> _PROBLEM DESCRIPTION_
Pictures stay out of the output. Return exactly the lines below from the one with "Concrete Resurfacing Solutions" down to the one with "The Peak 2 Peak", both included, and nothing more.

RECORDS FOR THIS EXERCISE section start

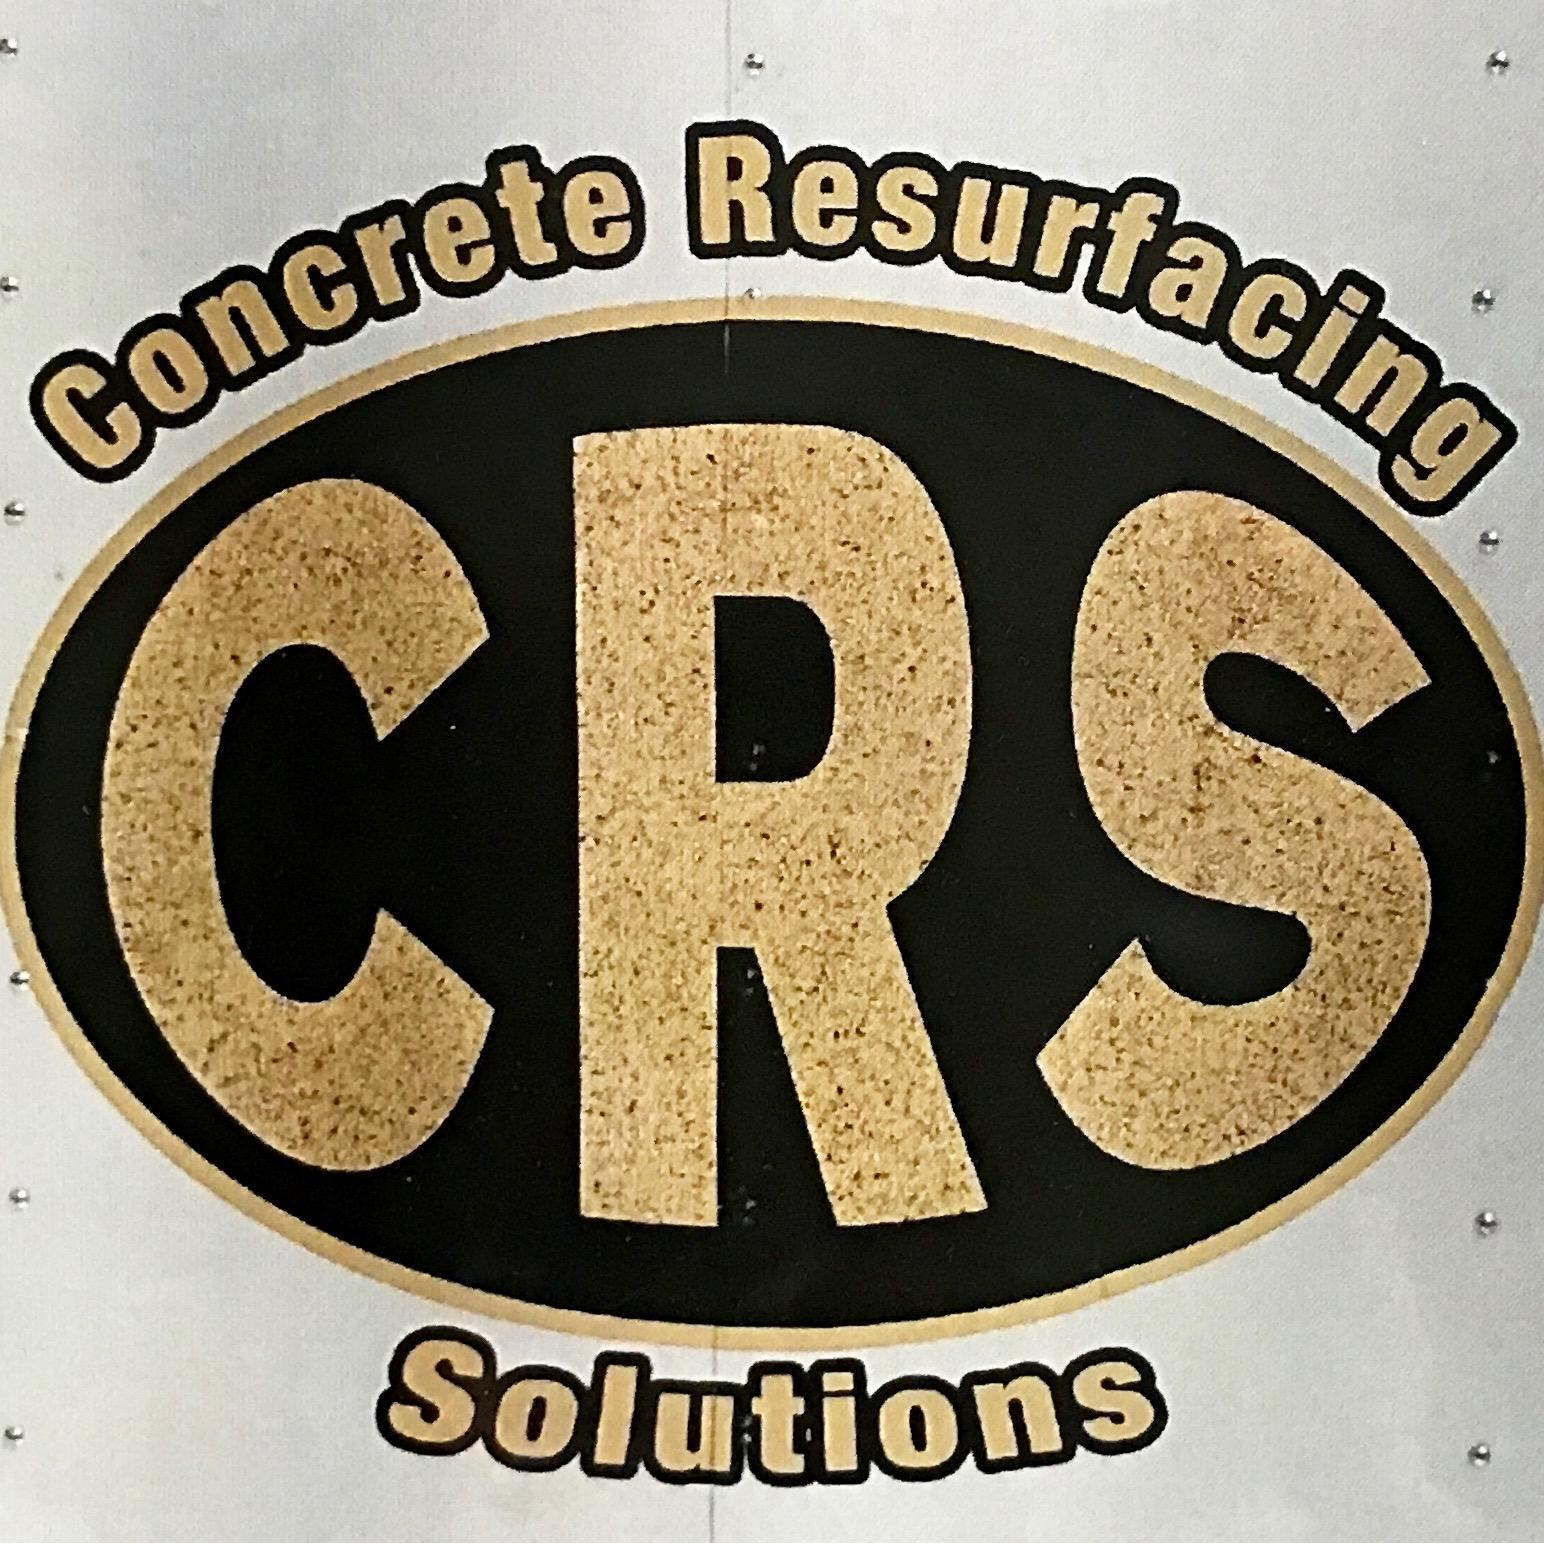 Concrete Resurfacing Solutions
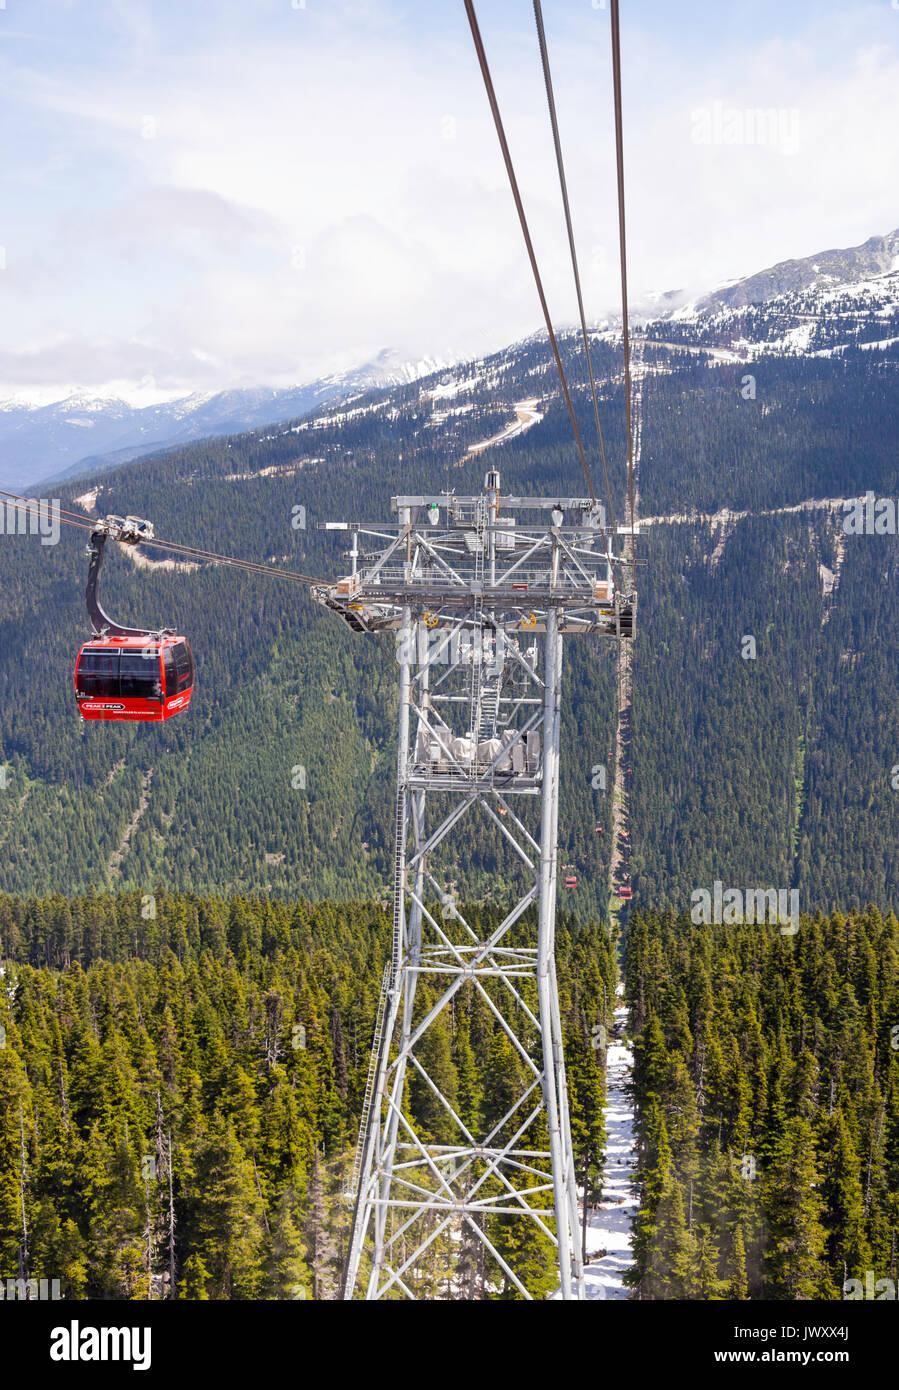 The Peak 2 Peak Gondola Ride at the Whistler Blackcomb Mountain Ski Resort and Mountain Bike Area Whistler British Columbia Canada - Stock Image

RECORDS FOR THIS EXERCISE section end
RECORDS FOR THIS EXERCISE section start

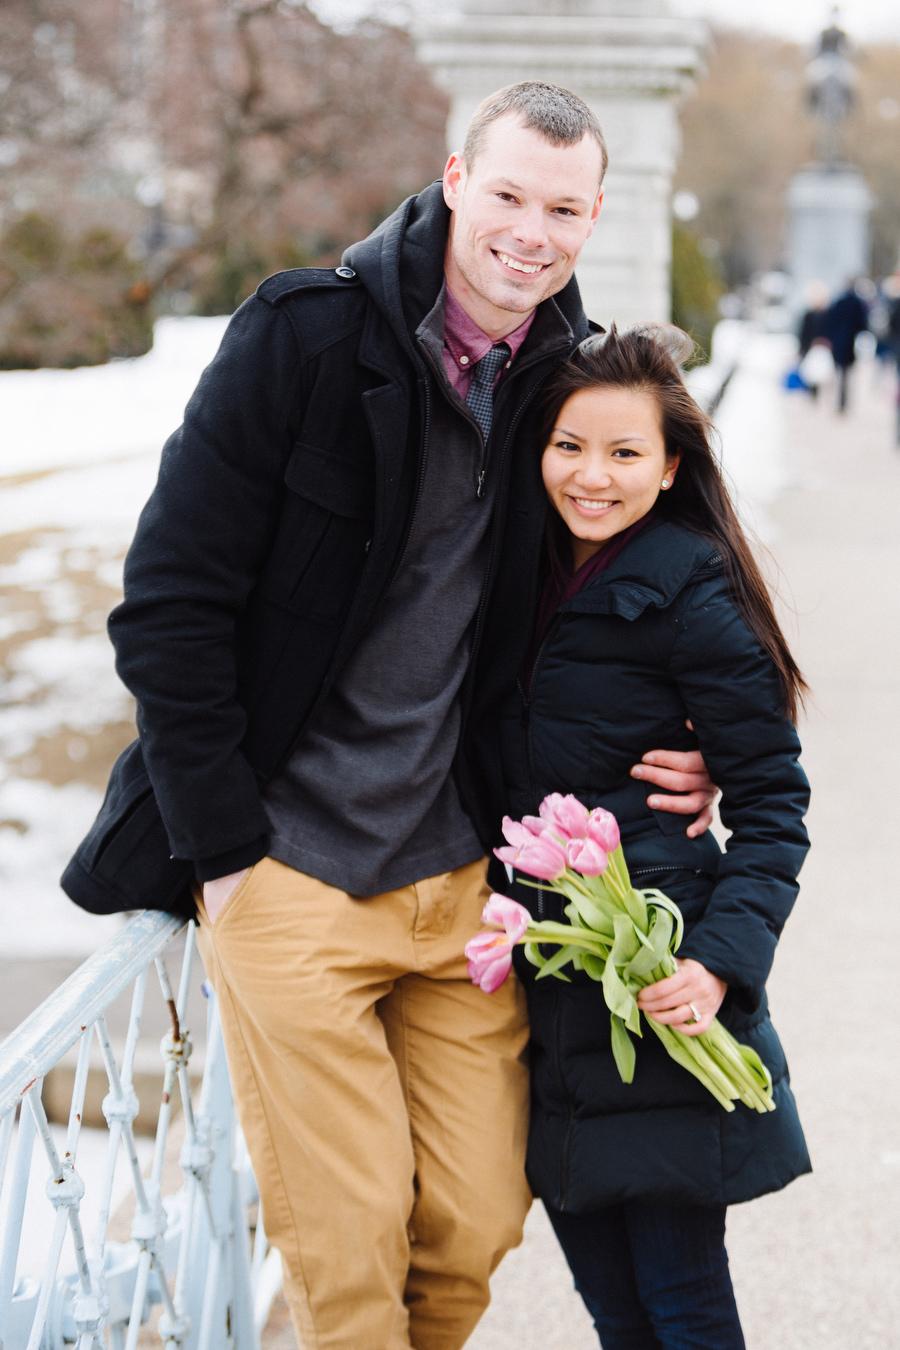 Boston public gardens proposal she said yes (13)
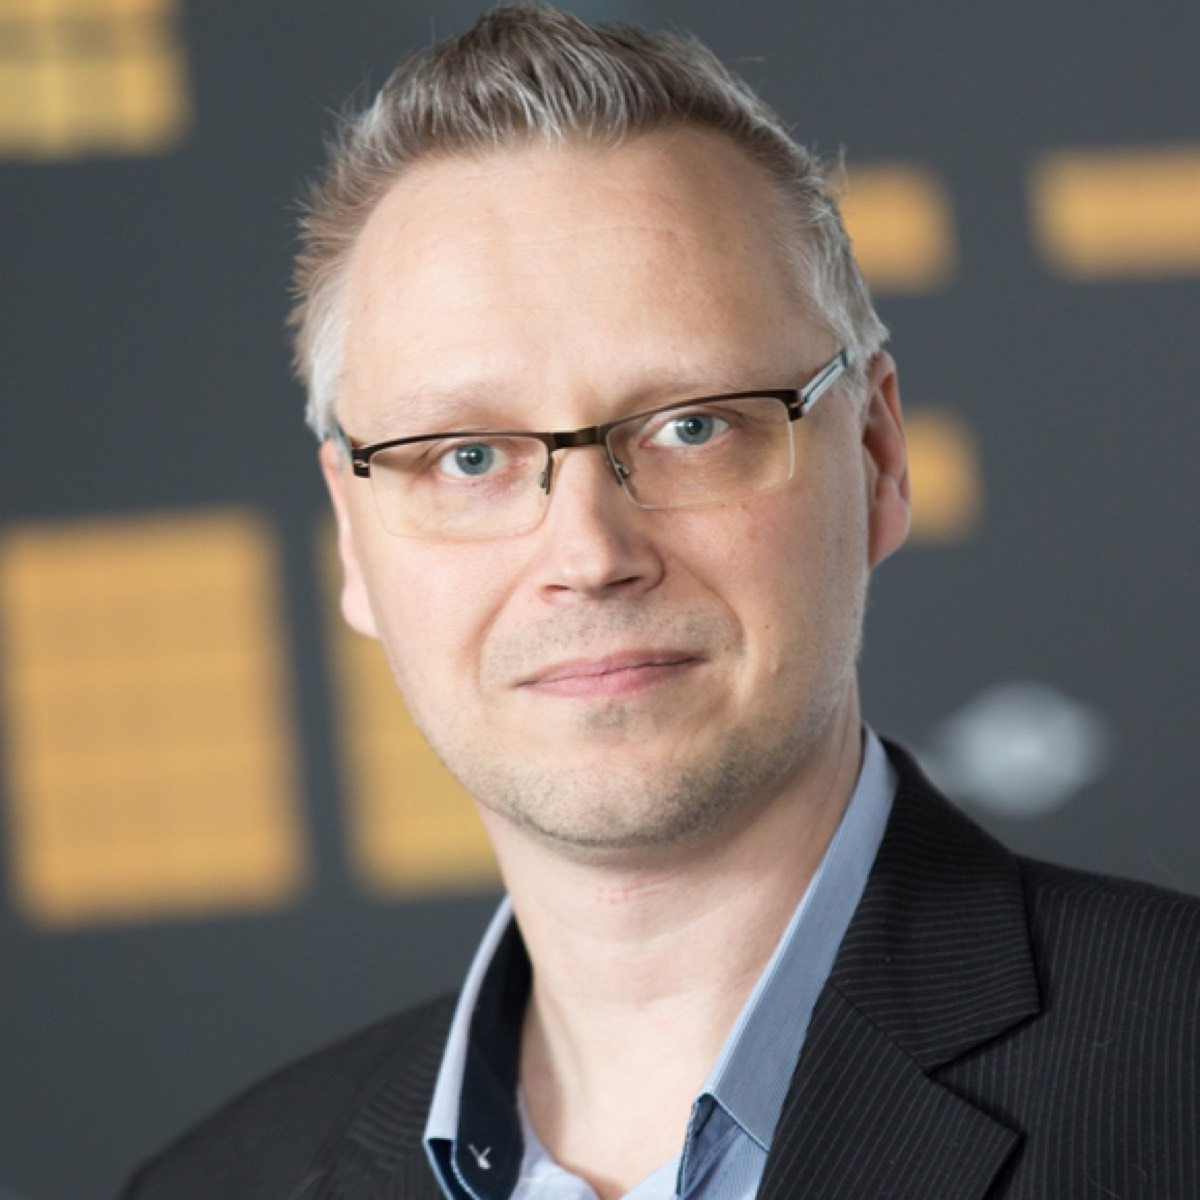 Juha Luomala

RECORDS FOR THIS EXERCISE section end

> _ANSWER FOR THIS EXERCISE_
 Concrete Resurfacing Solutions
 The Peak 2 Peak Gondola Ride at the Whistler Blackcomb Mountain Ski Resort and Mountain Bike Area Whistler British Columbia Canada - Stock Image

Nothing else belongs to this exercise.